4 men in court in Hungary over migrant truck deaths
By PABLO GORONDI, Associated Press
Aug 29, 2015 8:14 AM CDT
People light candles by a sign that reads "Europe: your hand is covered with blood" at Keleti railway station in Budapest, Hungary, Friday, Aug. 28, 2015, during a memorial for the 71 migrants who suffocated to death on the previous day in an abandoned truck on a main Austrian highway. (Tamas Kovacs/MTI...   (Associated Press)

KECSKEMET, Hungary (AP) — Four men accused of involvement in the trafficking of 71 migrants found dead in a truck in Austria were brought before a Hungarian court on Saturday as prosecutors sought to keep them in custody.

The refrigerated truck with the dead migrants was found Thursday in the safety lane of the main Budapest-to-Vienna highway. The suspects, three Bulgarians and one Afghan, were detained in Hungary later that day.

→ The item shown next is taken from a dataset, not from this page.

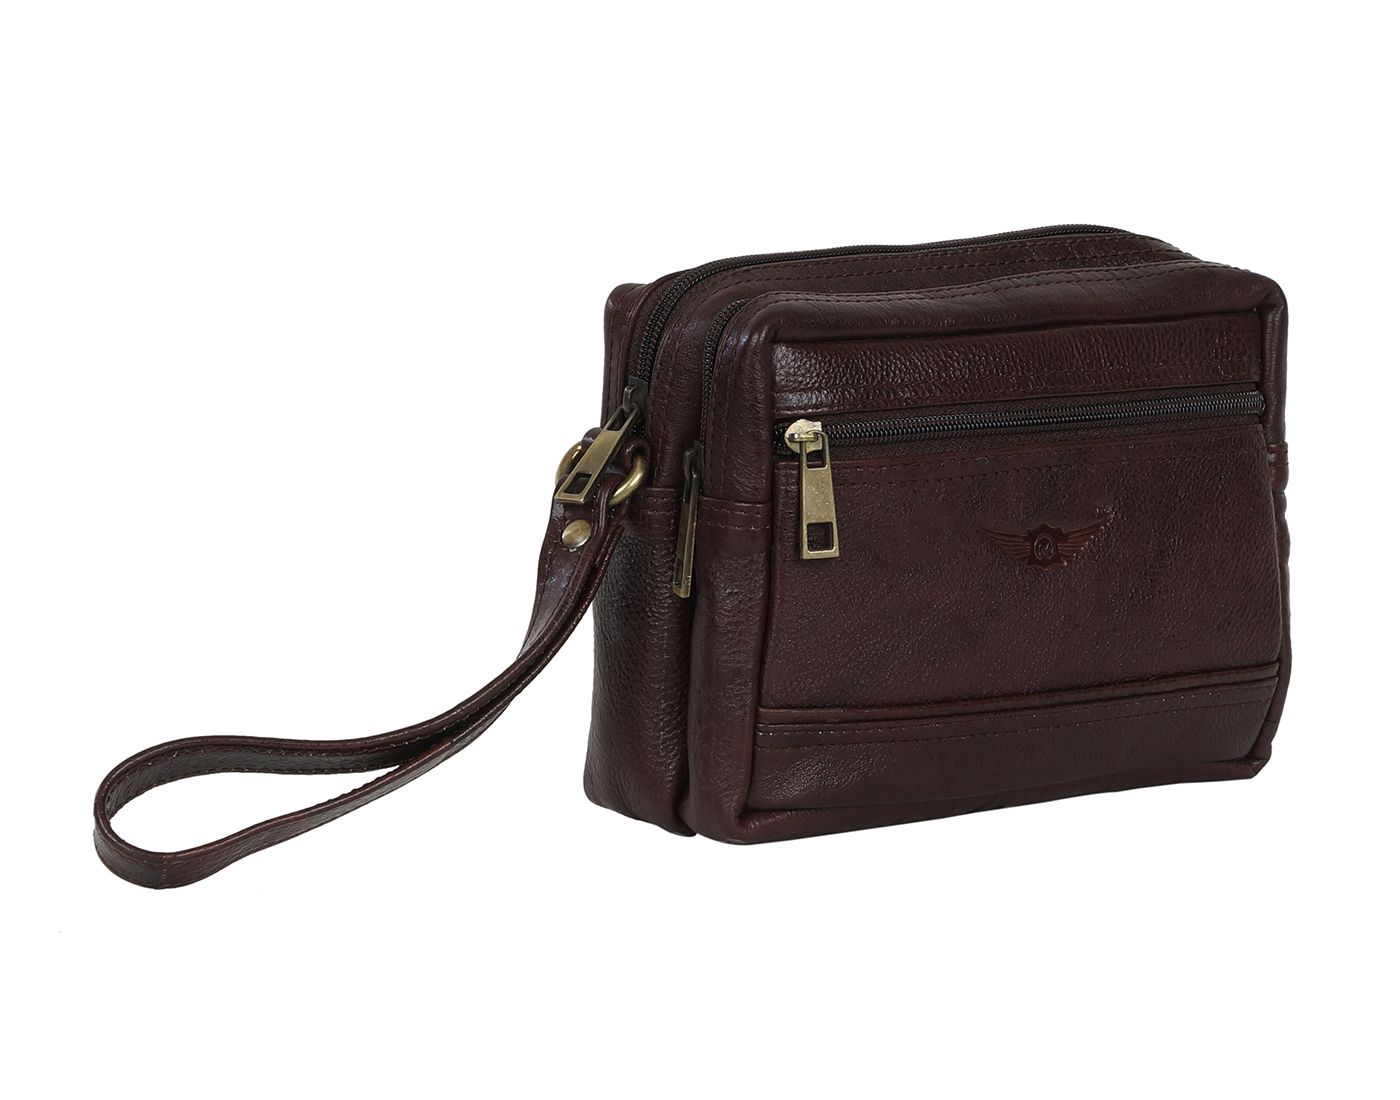 Maskino Leather Brown Pouch - Buy Maskino Leather Brown Pouch Online at ...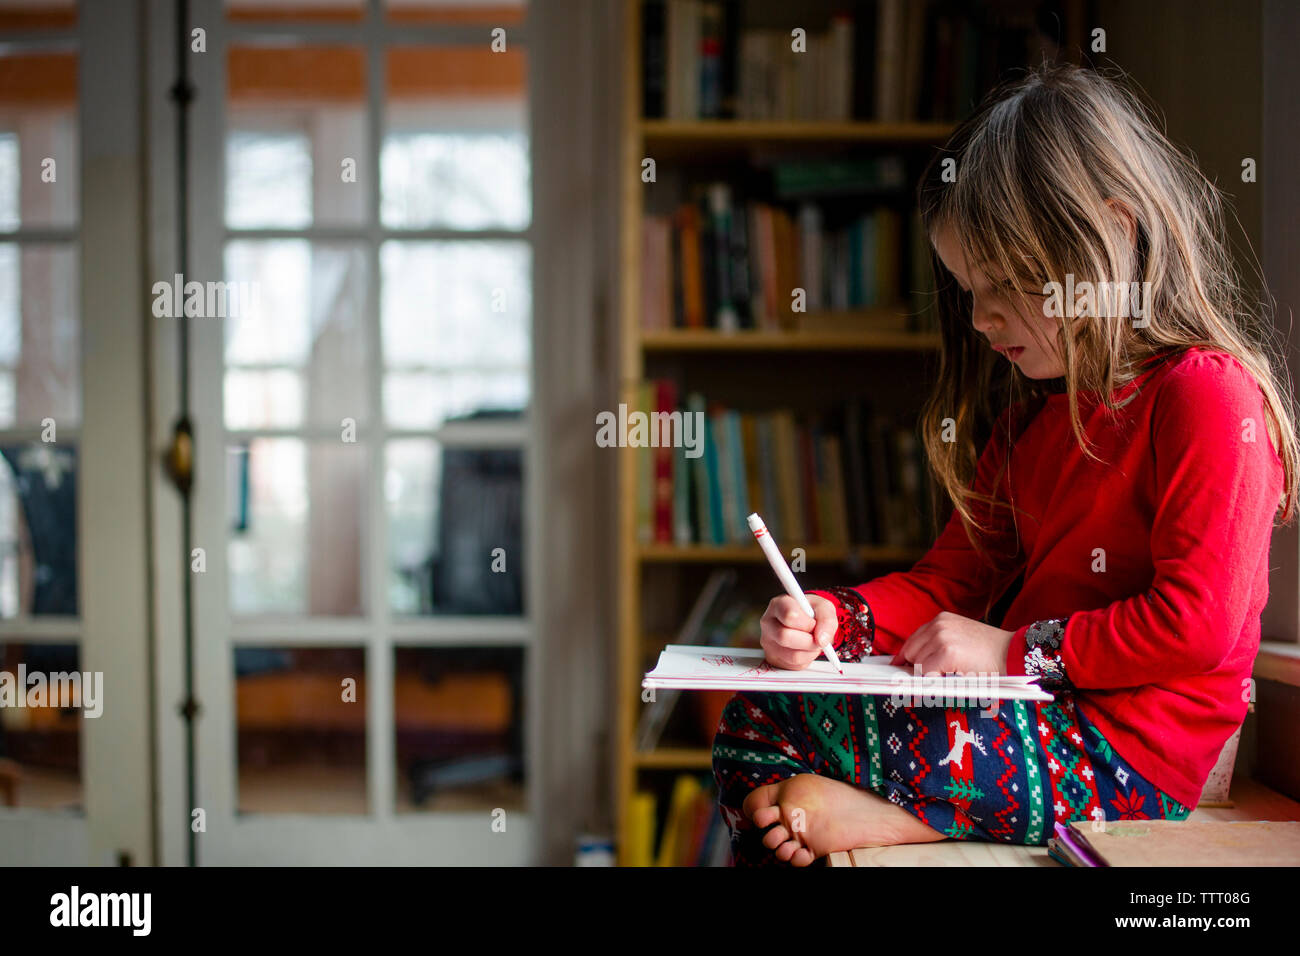 A little girl sitting barefoot by a bookshelf writing in a notebook Stock Photo

The case is being heard in Kecskemet, in central Hungary, because the truck set off from the city before picking up the migrants near the country's southern border with Serbia, Gabor Schmidt, a spokesman for the Bacs-Kiskun county chief prosecution office, told reporters outside the courthouse.

Schmidt said Hungarian authorities are investigating the suspects' involvement in the human trafficking aspects of the case, while their suspected connection to the deaths of the migrants is being investigated by Austrian authorities.

Prosecutors were asking the court in Kecskemet at a closed-door hearing to order the suspects' preliminary arrest on suspicion of qualified human smuggling, which carries a sentence of between two and 16 years in prison.

The initial detention period would be up to 30 days, which could be extended by a judge for up to one year, Schmidt said.

The four handcuffed men were taken into the court building through a side entrance.

No official information was released by authorities other than their nationalities.

It wasn't clear how long the bodies had been inside the truck, but police believe the migrants may already have been dead by the time the truck crossed into Austria overnight Wednesday. Austrian officials believe they suffocated.

Autopsies were being conducted, with results expected in several days.

Investigators found a Syrian travel document, indicating that at least some of the dead were refugees fleeing violence in Syria.

Hundreds of thousands of migrants have arrived in Europe this year.